The processor 104 may be any processing unit, such as a central processing unit (CPU), which is suitable for executing one or more computer programs (or software or instructions or code). These computer programs may be stored in the storage 102. During operation of the system, the computer programs may be provided from the storage 102 to the processor 104 via the one or more buses 108 for execution. One or more of the stored computer programs, when executed by the processor 104, cause the processor 104 to carry out a method according to an embodiment of the invention, as discussed below (and accordingly configure the system 100 to be a system 100 according to an embodiment of the invention). The input/output (I/O) interface 106 provides interfaces to devices 110 for the input or output of data, or for both the input and output of data. The devices 110 may include user input interfaces, such as a keyboard 110a or mouse 110b as well as user output interfaces such as a display 110c. Other devices, such a touch screen monitor (not shown) may provide means for both inputting and outputting data. The input/output (I/O) interface 106 may additionally or alternatively enable the computer system 100 to communicate with other computer systems via one or more networks 112. It will be appreciated that there are many different types of I/O interface that may be used with computer system 100 and that, in some cases, computer system 100 may include more than one I/O interface. Furthermore, there are many different types of device 110 that may be used with computer system 100. The devices 110 that interface with the computer system 100 may vary considerably depending on the nature of the computer system 100 and may include devices not explicitly mentioned above, as would be apparent to the skilled person. For example, in some cases, computer system 100 may be a server without any connected user input/output devices. Such a server may receive data via a network 112, carry out processing according to the received data and provide the results of the processing via a network 112.

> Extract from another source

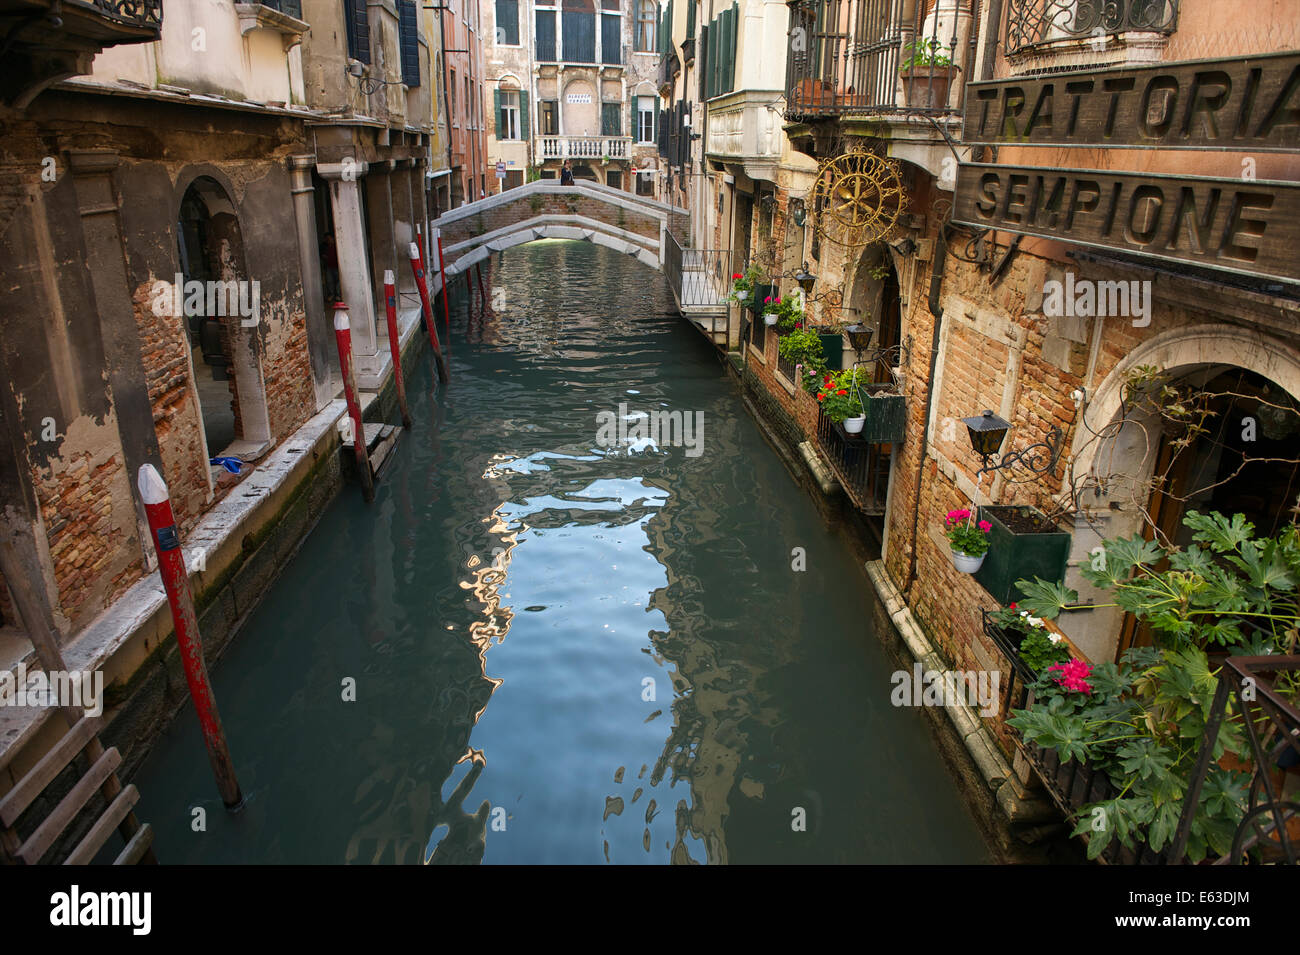 Venezia, Italia - aprile, 2013: tradizionale trattoria italiana ristorante si affaccia sul piccolo canale nel centro storico della città. Foto Stock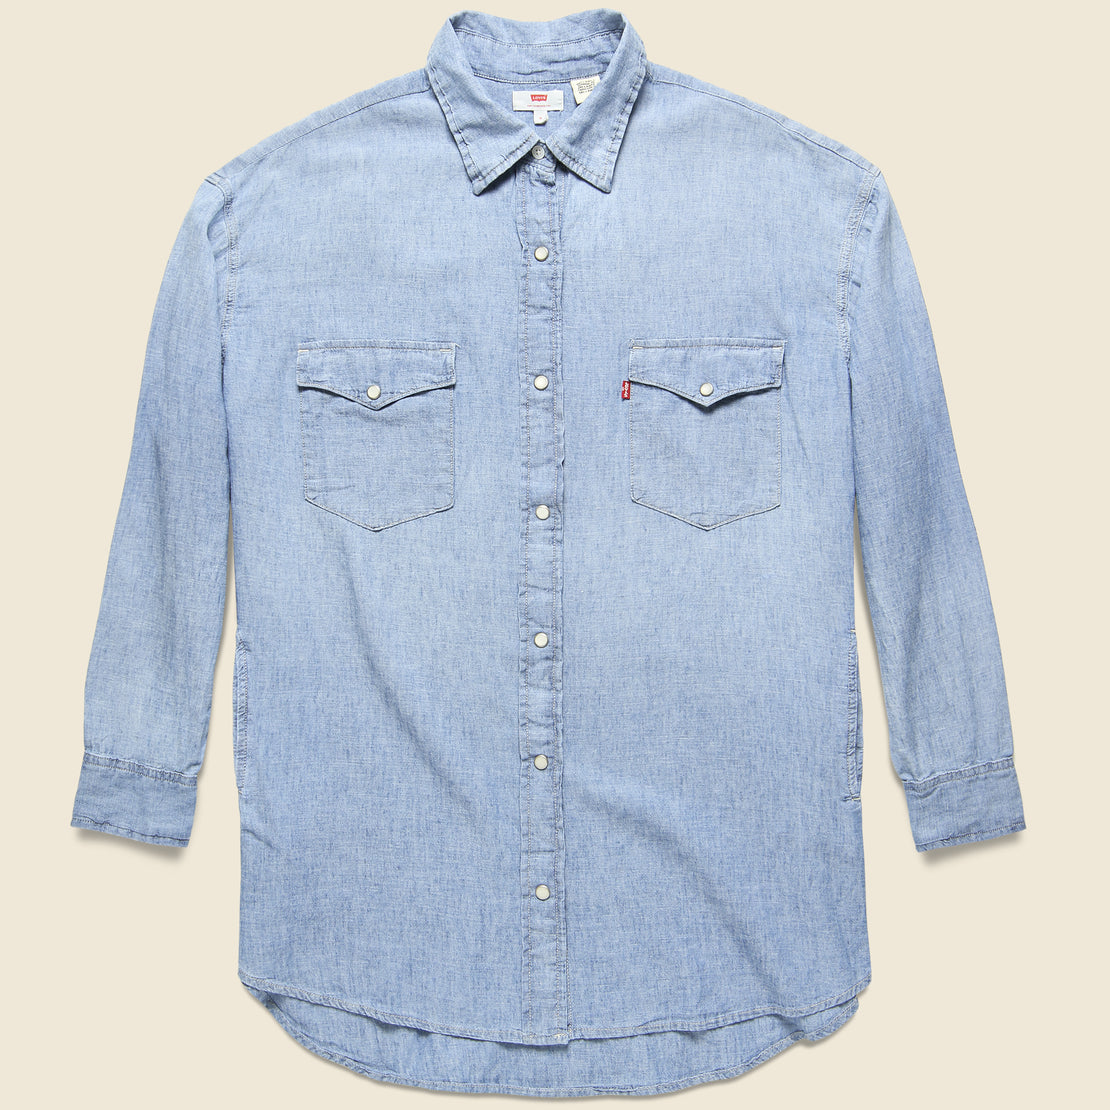 Levis Premium Cotton/Linen Shirt - Crystal Ball

It will be appreciated that the architecture of the system 100 illustrated in figure 1 and described above is merely exemplary and that other computer systems 100 with different architectures (such as those having fewer components, additional components and/or alternative components to those shown in figure 1) may be used in embodiments of the invention. As examples, the computer system 100 could comprise one or more of: a personal computer; a laptop; a tablet; a mobile telephone (or smartphone); a television set (or set top box); a games console; an augmented/virtual reality headset; a server; or indeed any other computing device with sufficient computing resources to carry out a method according to embodiments of this invention.

Figure 2 is a diagrammatic illustration of an example environment 200 which may be monitored by embodiments of the invention to detect anomalous behaviour. The environment 200 is a domestic environment which may be occupied by one or more occupants. The environment 200 comprises a plurality of rooms 210, including a hallway 210(1 ), a living area 210(2), a bedroom 210(3) and a bathroom 210(4). The living area 210(2), bedroom 201 (3) and bathroom 210(4) are all connected to the hallway 210(1 ) by internal doors. Meanwhile an external door allows both entry to and exit from the environment via the hallway 210(1 ).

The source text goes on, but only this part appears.